(THE PROBLEM) Exactly as they appear, restate the lines of the material, from the first through the one containing "Lady Edison Extra".
--------------------------------
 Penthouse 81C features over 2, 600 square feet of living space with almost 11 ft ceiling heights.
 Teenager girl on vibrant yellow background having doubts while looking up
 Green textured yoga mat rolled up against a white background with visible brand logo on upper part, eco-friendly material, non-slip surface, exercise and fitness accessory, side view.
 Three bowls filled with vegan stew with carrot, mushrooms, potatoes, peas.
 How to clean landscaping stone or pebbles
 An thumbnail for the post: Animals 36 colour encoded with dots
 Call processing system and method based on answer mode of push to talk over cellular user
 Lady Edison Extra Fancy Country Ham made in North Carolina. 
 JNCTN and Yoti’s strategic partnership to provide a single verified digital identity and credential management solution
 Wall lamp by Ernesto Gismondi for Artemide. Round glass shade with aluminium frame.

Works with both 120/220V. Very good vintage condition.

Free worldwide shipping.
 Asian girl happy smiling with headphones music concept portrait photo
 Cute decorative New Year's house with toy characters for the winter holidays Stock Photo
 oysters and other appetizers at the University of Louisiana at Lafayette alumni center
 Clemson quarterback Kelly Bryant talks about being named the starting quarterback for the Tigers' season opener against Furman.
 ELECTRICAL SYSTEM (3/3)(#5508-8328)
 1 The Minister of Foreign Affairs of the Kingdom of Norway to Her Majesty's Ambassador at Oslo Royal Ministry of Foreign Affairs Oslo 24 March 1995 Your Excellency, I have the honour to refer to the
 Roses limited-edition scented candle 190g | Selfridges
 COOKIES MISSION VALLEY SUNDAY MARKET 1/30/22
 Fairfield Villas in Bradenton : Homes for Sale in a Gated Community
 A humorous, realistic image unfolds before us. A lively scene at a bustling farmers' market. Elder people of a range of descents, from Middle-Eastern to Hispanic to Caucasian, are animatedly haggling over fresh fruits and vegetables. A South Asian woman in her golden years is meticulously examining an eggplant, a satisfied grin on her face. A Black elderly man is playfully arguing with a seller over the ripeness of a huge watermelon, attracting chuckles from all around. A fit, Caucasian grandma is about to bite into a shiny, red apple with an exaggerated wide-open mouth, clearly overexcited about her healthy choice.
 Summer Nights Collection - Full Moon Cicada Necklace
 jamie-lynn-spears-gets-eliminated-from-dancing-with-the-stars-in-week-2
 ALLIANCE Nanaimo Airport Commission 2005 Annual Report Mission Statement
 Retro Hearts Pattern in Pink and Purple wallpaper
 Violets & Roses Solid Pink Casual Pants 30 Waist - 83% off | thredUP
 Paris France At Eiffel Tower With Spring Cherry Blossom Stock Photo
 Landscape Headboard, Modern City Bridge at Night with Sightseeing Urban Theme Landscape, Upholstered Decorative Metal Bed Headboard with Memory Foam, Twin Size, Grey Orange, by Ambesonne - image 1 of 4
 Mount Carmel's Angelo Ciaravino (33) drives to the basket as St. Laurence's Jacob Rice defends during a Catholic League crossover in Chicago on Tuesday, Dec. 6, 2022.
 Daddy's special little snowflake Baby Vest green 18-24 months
--------------------------------
(RESULT OF THIS TASK)
 Penthouse 81C features over 2, 600 square feet of living space with almost 11 ft ceiling heights.
 Teenager girl on vibrant yellow background having doubts while looking up
 Green textured yoga mat rolled up against a white background with visible brand logo on upper part, eco-friendly material, non-slip surface, exercise and fitness accessory, side view.
 Three bowls filled with vegan stew with carrot, mushrooms, potatoes, peas.
 How to clean landscaping stone or pebbles
 An thumbnail for the post: Animals 36 colour encoded with dots
 Call processing system and method based on answer mode of push to talk over cellular user
 Lady Edison Extra Fancy Country Ham made in North Carolina. 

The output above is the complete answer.